Every record needs to be repeated exactly; its pictures do not.

[Data excerpts]
◆ ◆ ◆ ◆

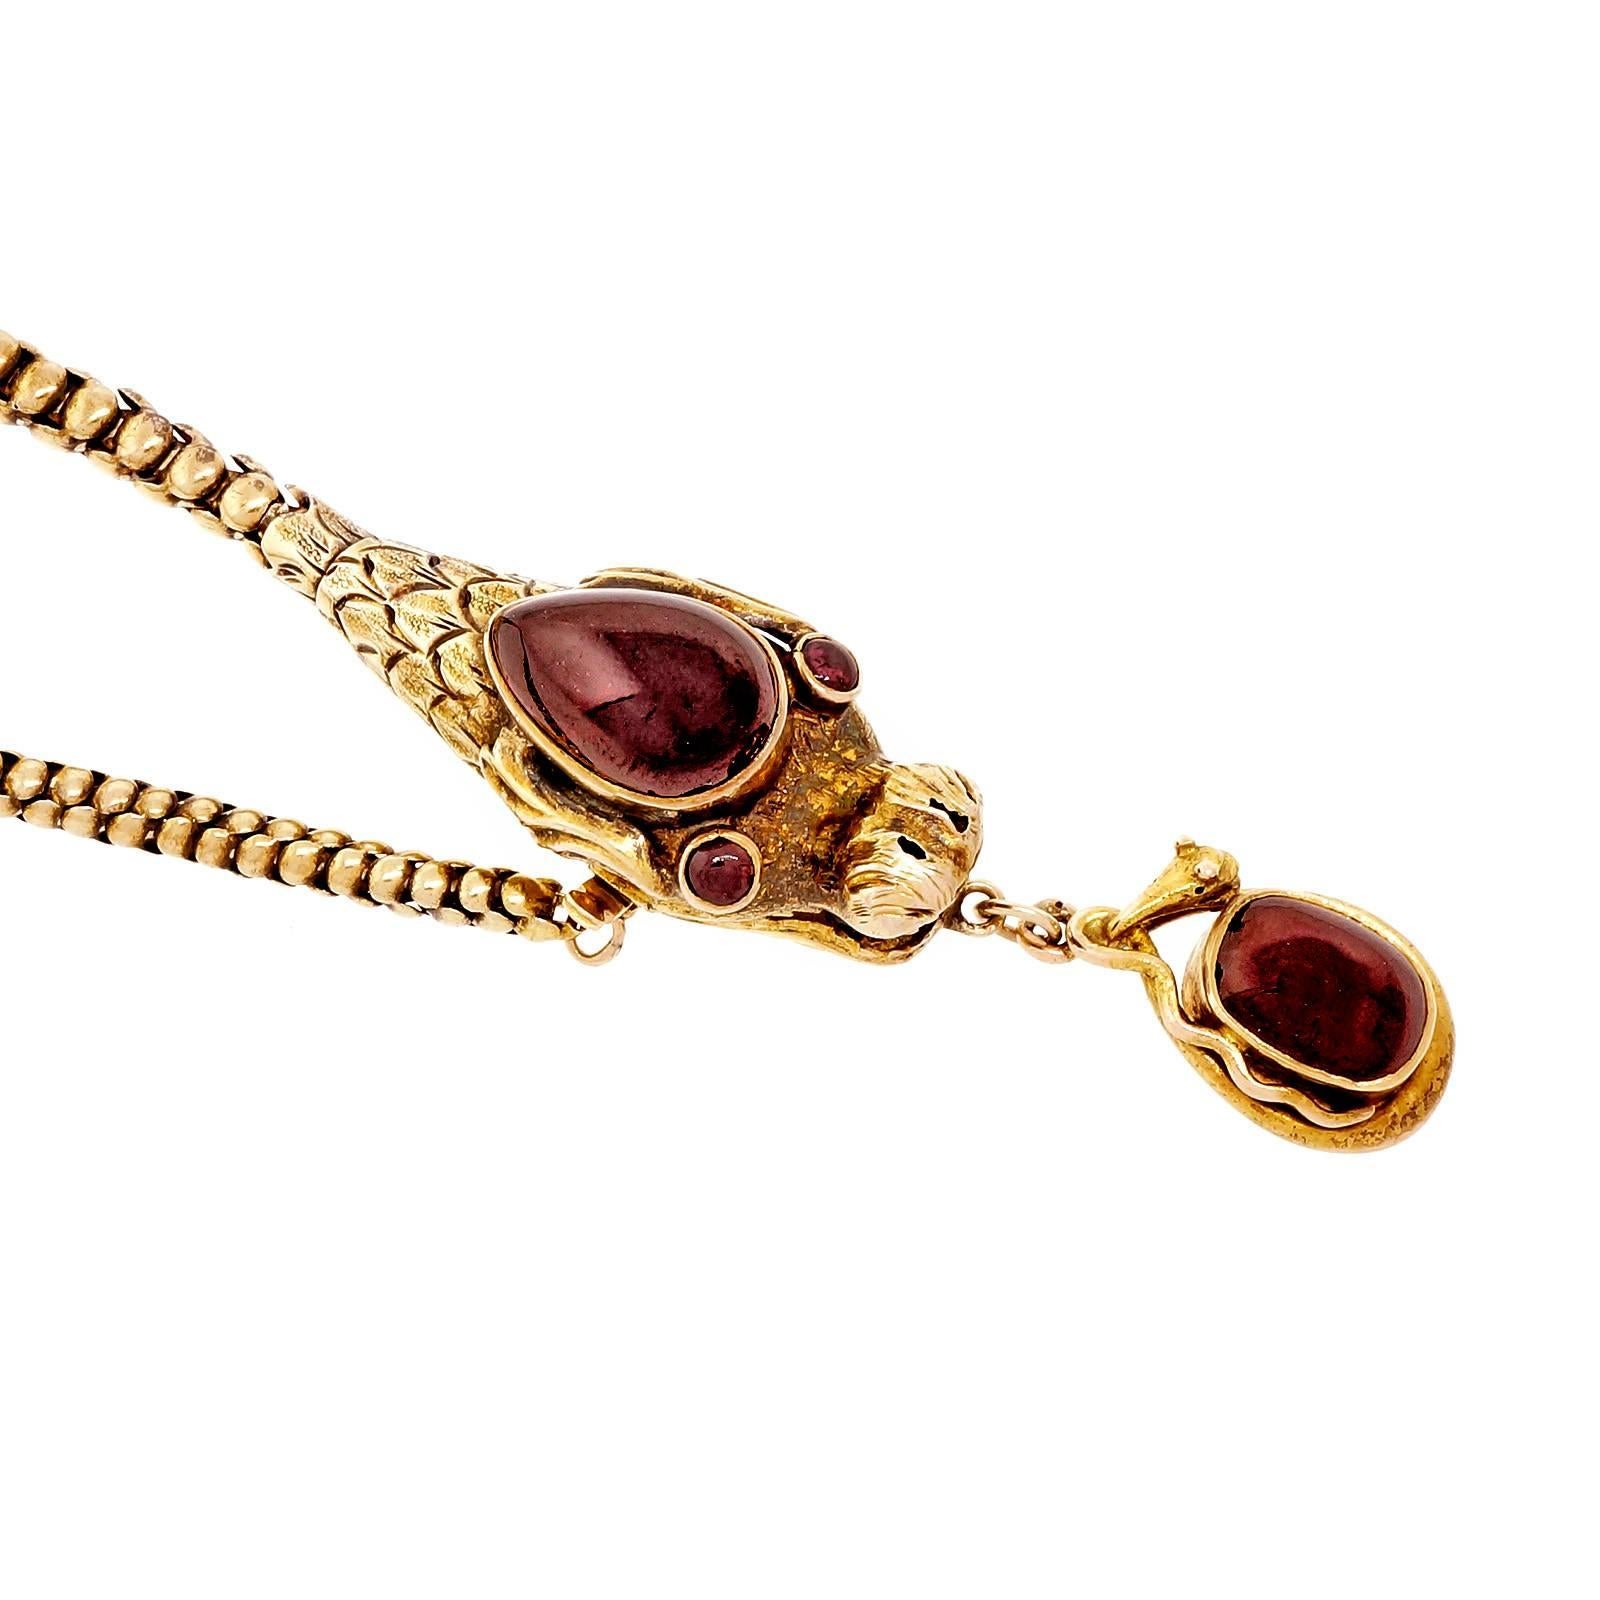 Victorian handmade dragon or serpent necklace circa 1880-1889 with cabochon Garnets. A second serpent piece dangles from the mouth.

1 pear reddish brown Garnet, 14.73 x 9.50mm
2 round cabochon Garnets, 2.54mm
1 oval cabochon Garnet, 4.94 x
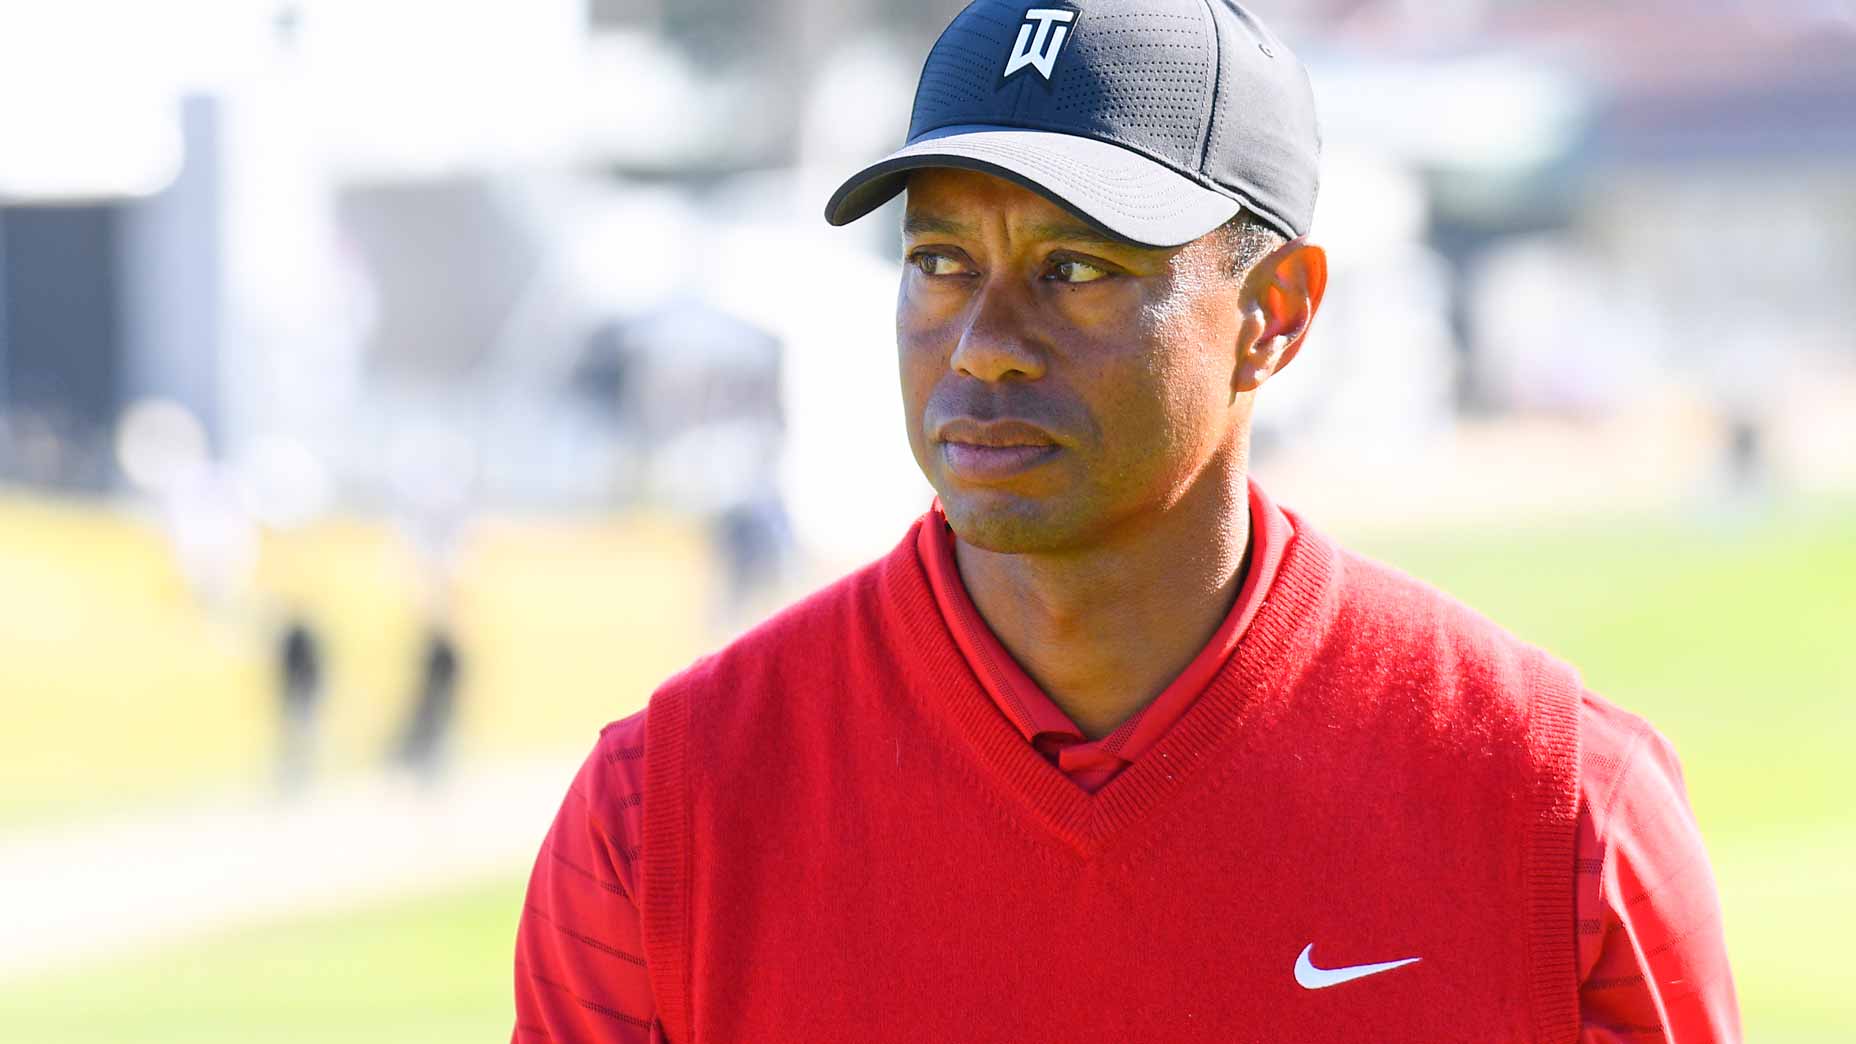 What tournaments will Tiger Woods play when PGA Tour season resumes?

◆ ◆ ◆ ◆

◆ **Solved exercise**
 Victorian handmade dragon or serpent necklace circa 1880-1889 with cabochon Garnets. A second serpent piece dangles from the mouth.

1 pear reddish brown Garnet, 14.73 x 9.50mm
2 round cabochon Garnets, 2.54mm
1 oval cabochon Garnet, 4.94 x
 What tournaments will Tiger Woods play when PGA Tour season resumes?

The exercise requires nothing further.